The New Castle water system, located in Westchester County, was started up in the 1930s. Its source of supply was New York City's Catskill Aqueduct. Twenty five years later an expansion required a tap in to the Croton Aqueduct, and by the 80s another expansion of capacity was necessary. And by that time the finished water standards called for by the Safe Drinking Water Act and its amendments meant that process performance had to be upgraded to produce the higher quality levels required.

Raw water quality is a determinant in the design of any water treatment facility. In New Castle's case, two main factors had to be considered. First, the incoming raw water exhibited wide seasonal turbidity variations. Spring rains combine with low reservoir levels to raise the turbidity of the water in the Catskill Aqueduct to 100 NTUs or more. To counteract this to some degree, the flow in this aqueduct is reduced to roughly half the peak rate of about 600 mgd, and extraction from the secondary supply is increased to compensate.

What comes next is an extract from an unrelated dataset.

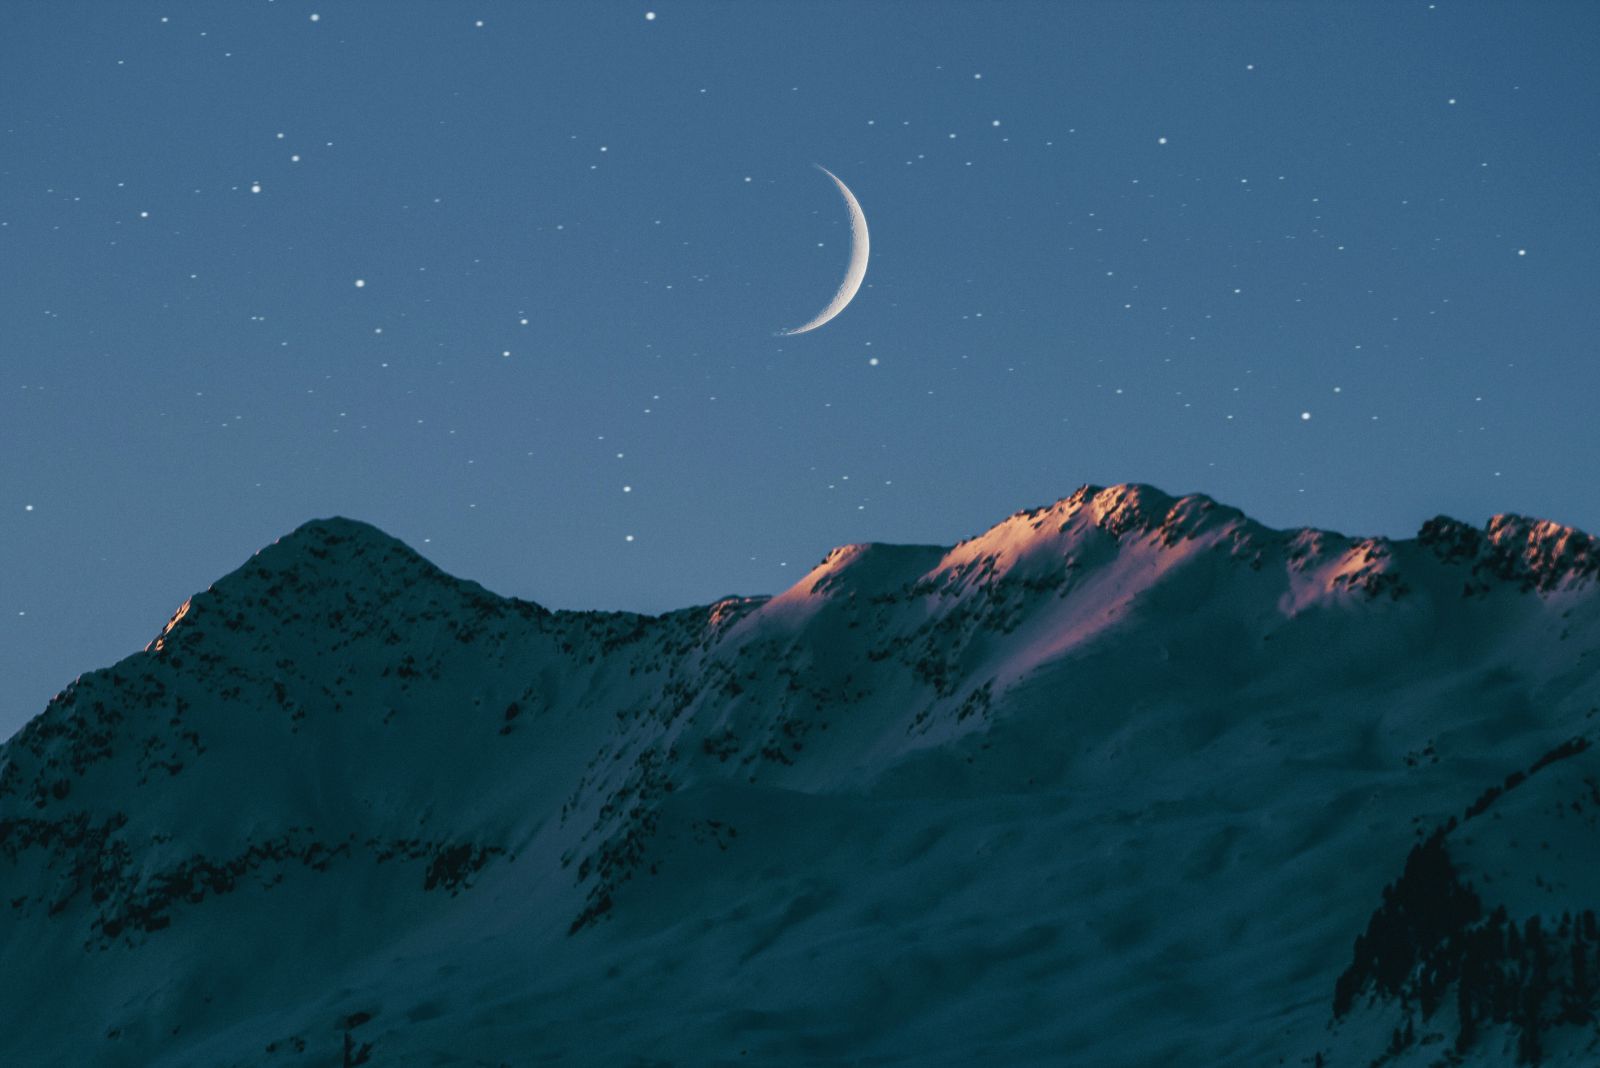 Lua minguante vista à noite, sobre paisagem montanhosa.

This strategy has a drawback however. Lowering the flow rate through the inverted siphons in the aqueduct system causes large volumes of air to be entrained. This tends to produce supersaturated conditions in the water supply reaching the treatment plant. In many cases this problem can be resolved by constructing a stilling basin to allow escape of the air. However, the Millwood facility's situation precluded this. There were cost and space limitations. Consequently, the upgrade project's design team were faced with finding a process arrangement which would deal successfully with a raw water supply that was both high in turbidity and entrained air.

Design Work Points to Dissolved Air Flotation as the Solution

The design study led to the selection of the dissolved air flotation concept, and the system subsequently acquired for the New Castle upgrade was supplied by Purac Engineering, Inc., of Wilmington, Delaware. This firm has roots in the United Kingdom, where its parent has retrofitted a number of conventional sedimentation systems in British water utility plants with DAF technology.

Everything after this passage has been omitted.